DCEH’s spokesperson Anne Dean, who had not replied to requests for comments on my previous articles, did respond to my email inquiry about this article — which included extensive excerpts from Crowley’s remarks — by saying that DCEH CEO Brent Richardson wanted to meet with me in person at the Los Angeles headquarters of the Dream Center, the faith-oriented charitable parent organization of DCEH, and asked me to delay publication until after we met. I said I was happy to meet Richardson there, but did not plan to hold off on publishing pending a trip to Los Angeles. (I’m based in DC.) I asked Dean why Richardson needed to meet in person rather than talking by phone or video chat. Dean said she would check. Melissa Esbenshade, DCEH’s chief marketing officer, followed up, calling me to say that DCEH believed a visit to the Dream Center would help me to understand the aims of the enterprise. Esbenshade said, politely, that if I planned to publish before an LA meeting, then DCEH had no comment for my article, and the offer to meet with Richardson would likely be withdrawn.
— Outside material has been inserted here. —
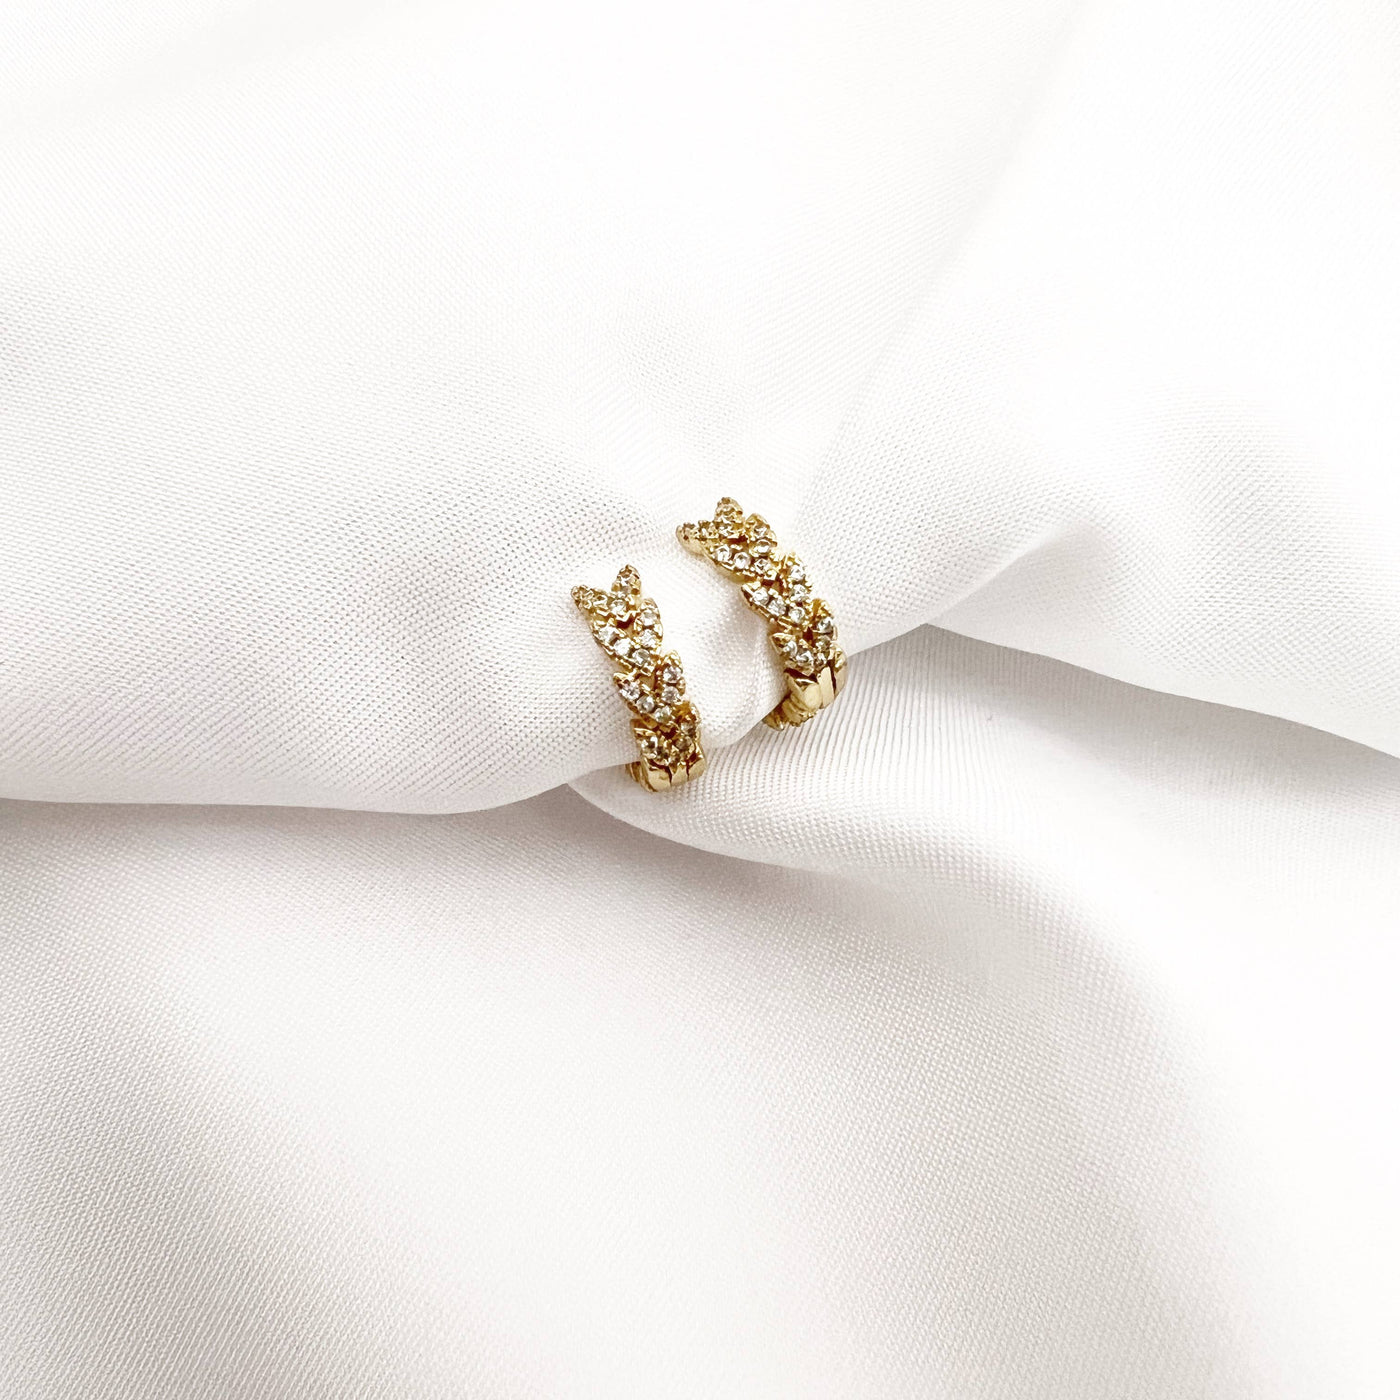 true by kristy jewelry - Laurel Pave Huggie Hoops Earrings Gold Filled

The DCEH crisis exploded around July 2, when the company announced that it would cease student enrollments at some 30 of its Arts Institutes, Argosy, and South campuses — days after leaks out of various state regulators revealed that DCEH had informed some states that those campuses would in fact be closing by December 31. Since then, the whole system, which had around 60,000 students nationwide until recently, has been in turmoil.

Republic Report in May had published two investigative articles raising concerns that the former EDMC schools have been run in a troubling manner since DCEH had taken over, with clear conflicts of interest — DCEH schools were seemingly being leveraged to provide revenue to for-profit companies linked to Richardson, his relatives, and long-time associates — plus serious legal compliance questions and concerns about the company accelerating predatory recruiting practices.

In the Chicago meeting, Crowley gave a brief opening statement and then took questions from teachers and staff members, all of them concerned about their jobs and the educations of their students. Although the Art Institutes was operated in a predatory fashion by EDMC — with deceptive recruiting and sky-high prices — the schools have a long tradition of stronger instruction than at many of the large for-profit chains, and many of the campus personnel, I know from personal experience, are fine, talented people.

Crowley was, with Brent Richardson, one of the drivers of the 2003 deal that transformed small non-profit Grand Canyon University into a for-profit college giant. Grand Canyon, which Richardson departed last year, is now converting back to non-profit status in a highly questionable deal, as the DeVos Department is allowing a series of such troubling restructurings to go forward.

It’s clear from its recent actions and statements that DCEH is focused on shutting down physical campus instruction — with its expensive requirements for in-person instruction, equipment, and buildings — and prioritizing cheaper, and thus more lucrative, online education. As Crowley told the assembled Chicago staff, “We have a huge emphasis for moving online.”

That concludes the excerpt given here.